All connectors shall be accessible from the front of the unit.

All fiber connections shall use standard optics as specified in the CPRI specification. The fiber

optics may be for single mode or multi-mode fiber.

Support for multi-mode fiber is required to support the base of multi-mode fiber installed in

hotel properties today. The selection of fiber type needs to consider the higher loss (and

therefore lesser reach) of multi-mode fiber as well as future bandwidth requirements which

may only be achievable with single mode fiber. Appendix B provides a table of the different

characteristics of fiber type.

4.1.4 Management

The MRHU shall be managed by an element management system (EMS).
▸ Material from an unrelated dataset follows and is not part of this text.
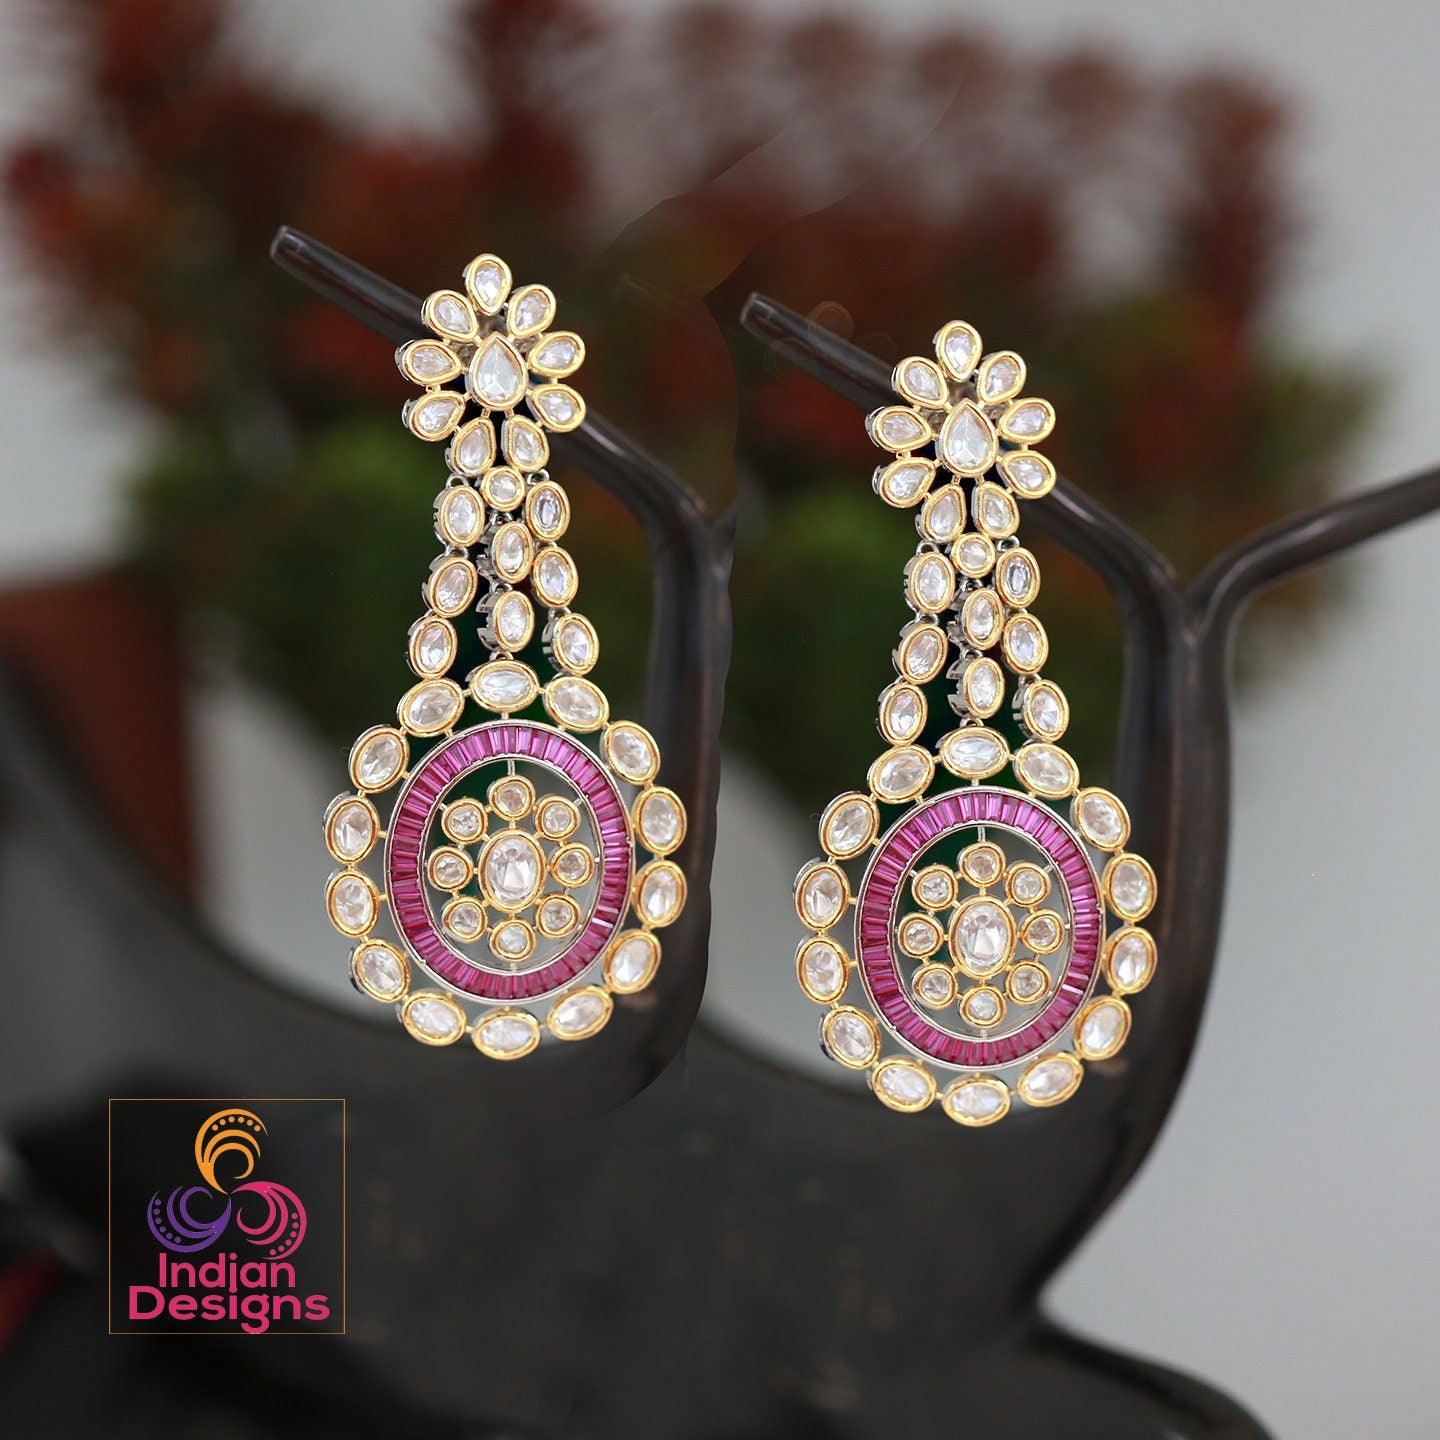 Indian Bollywood Ethnic/ Traditional Polki Maang Tikka Earrings set | eBay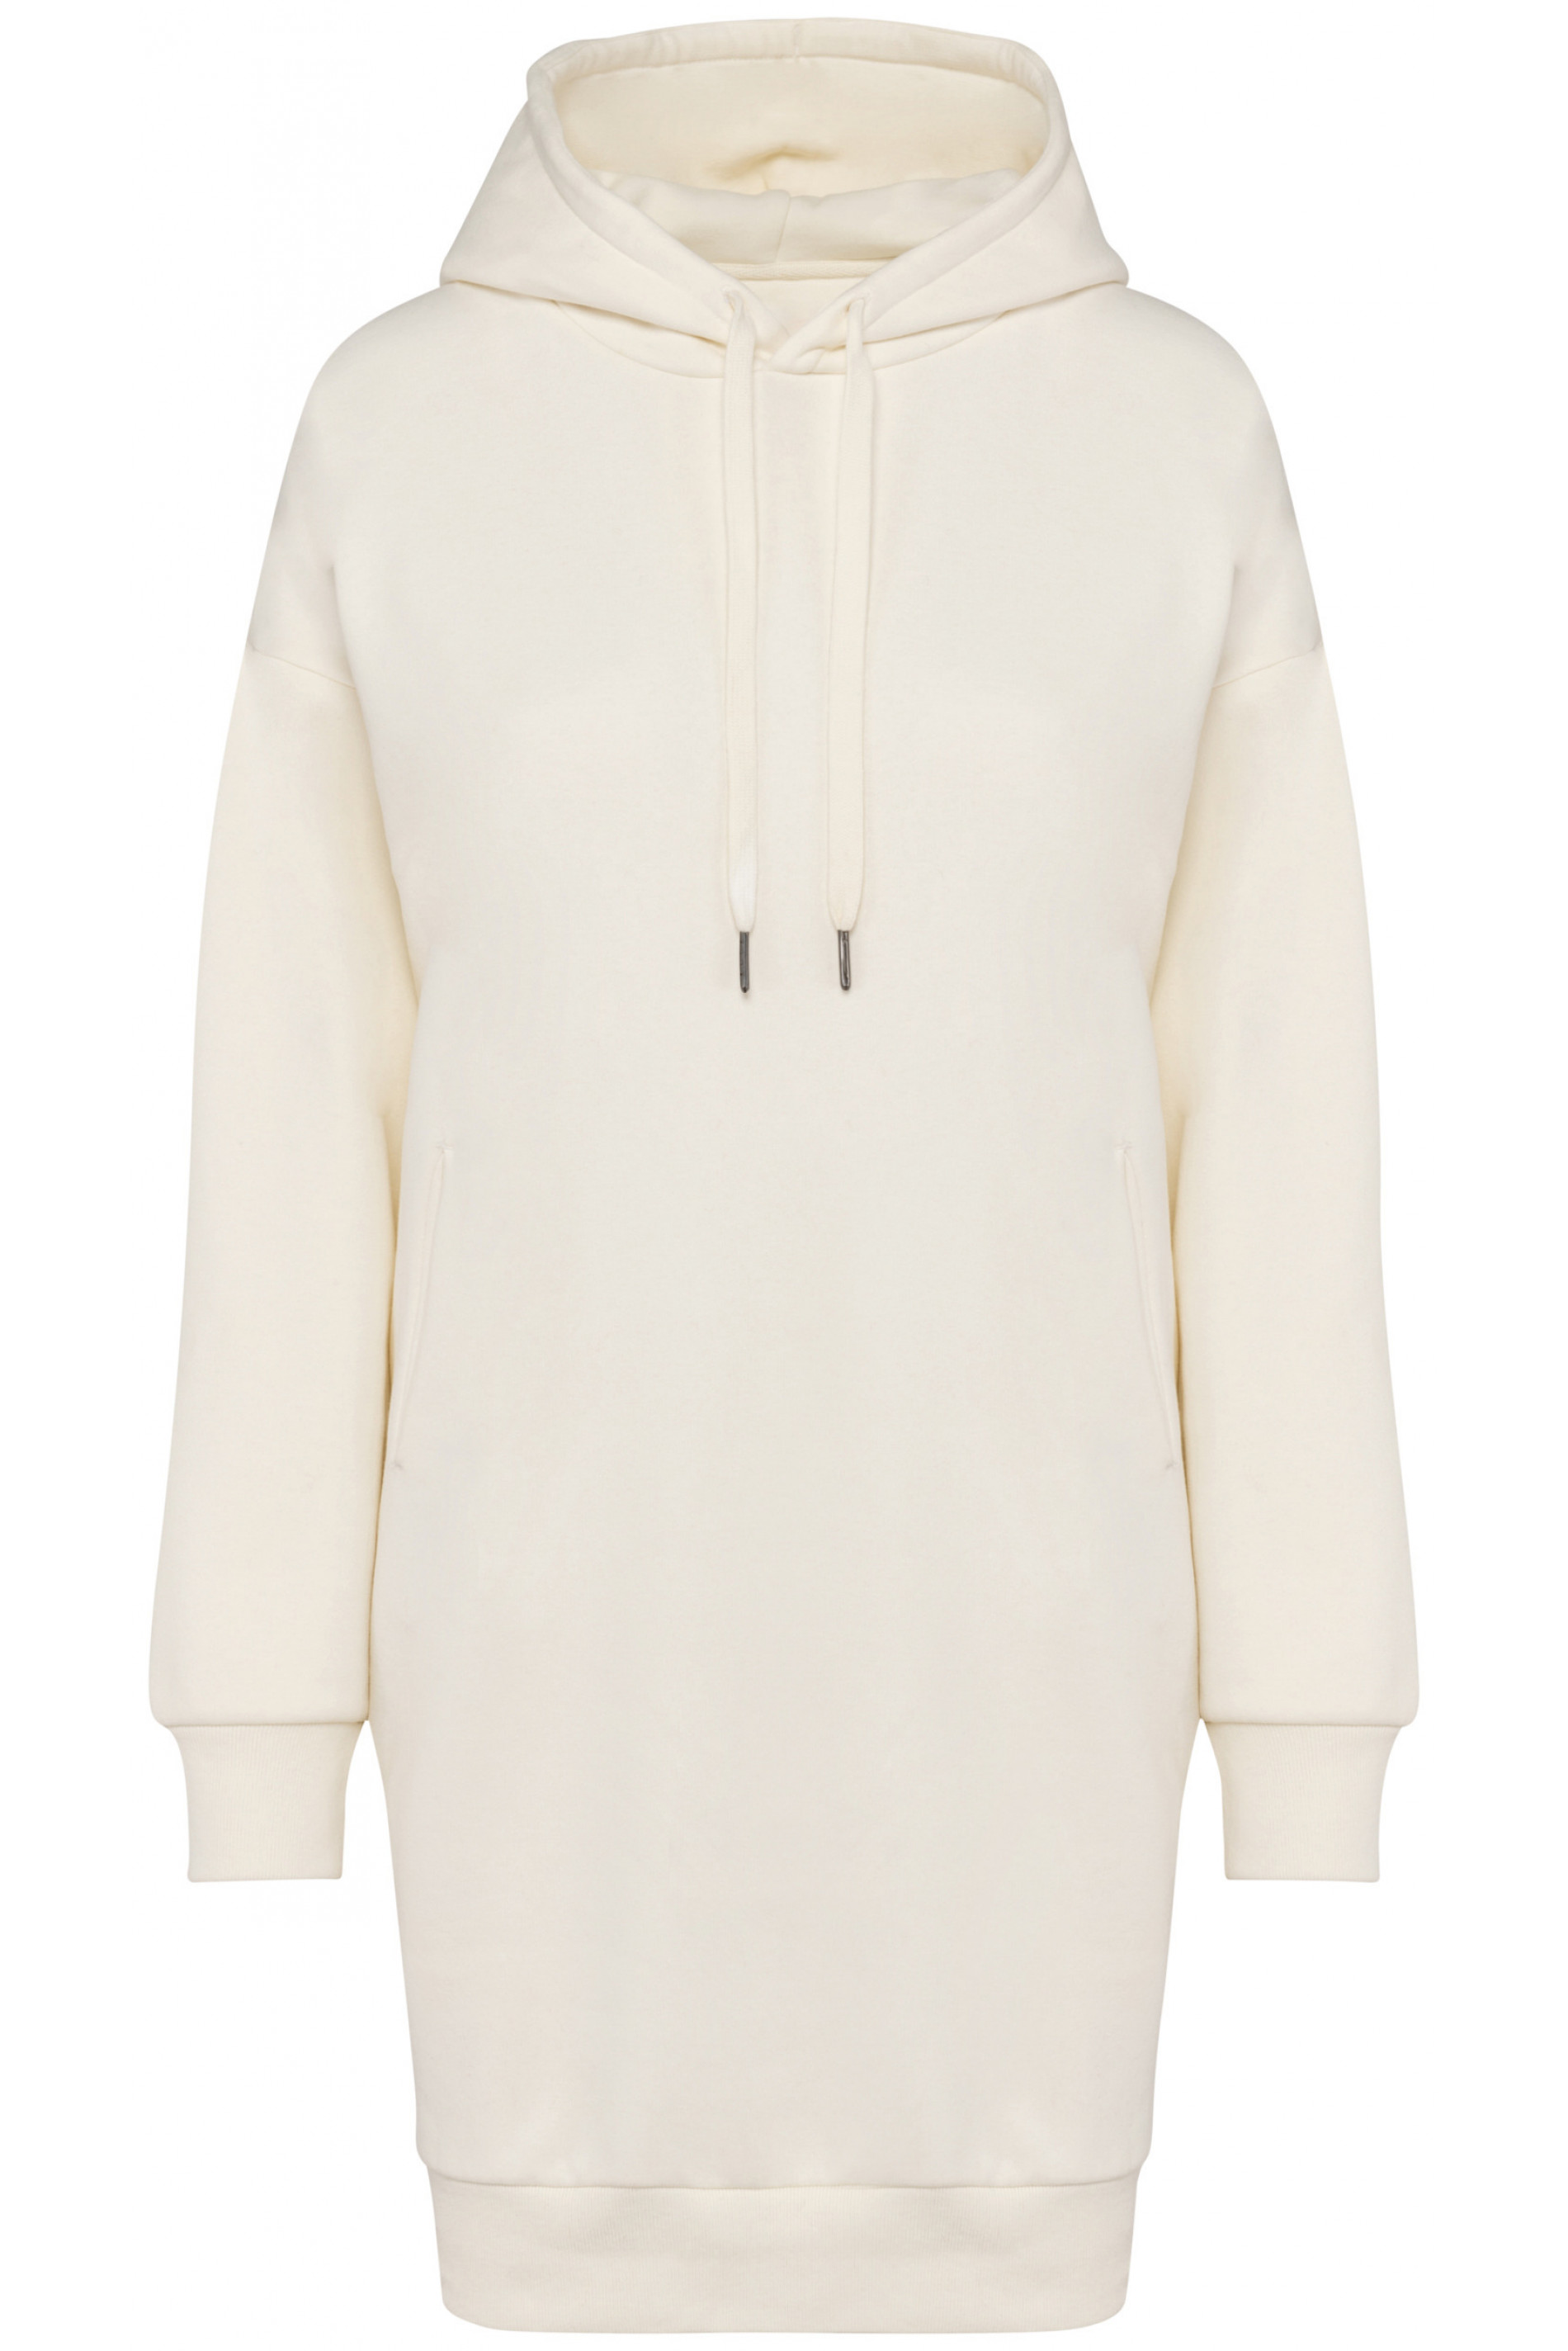 Bio-Baumwoll-Sweatshirt-Kleid 300 g/m² Native Spirit® Ivory L

It is envisioned that

network management traffic will be carried over an optical supervisory channel (OSC) between

the RRUs and the MRHU. The MRHU shall have a 1000BASE-T port for connecting to the EMS.

4.1.5 Enclosure

The MRHU will typically be deployed in the MDF of the hotel property being serviced. The MRHU

shall be mounted in a standard 19” rack. The height of the MRHU shall not exceed 2U. The

MRHU shall be powered from a standard AC source supplied at the rear of the unit and should

support dual redundant, hot swappable power supply modules. In addition, the MRHU should

be configurable to support backup power sources such as a generator or UPS to ensure

continued operation in the case of an outage of the primary power source. Power modules shall

be accessible from the front of the unit.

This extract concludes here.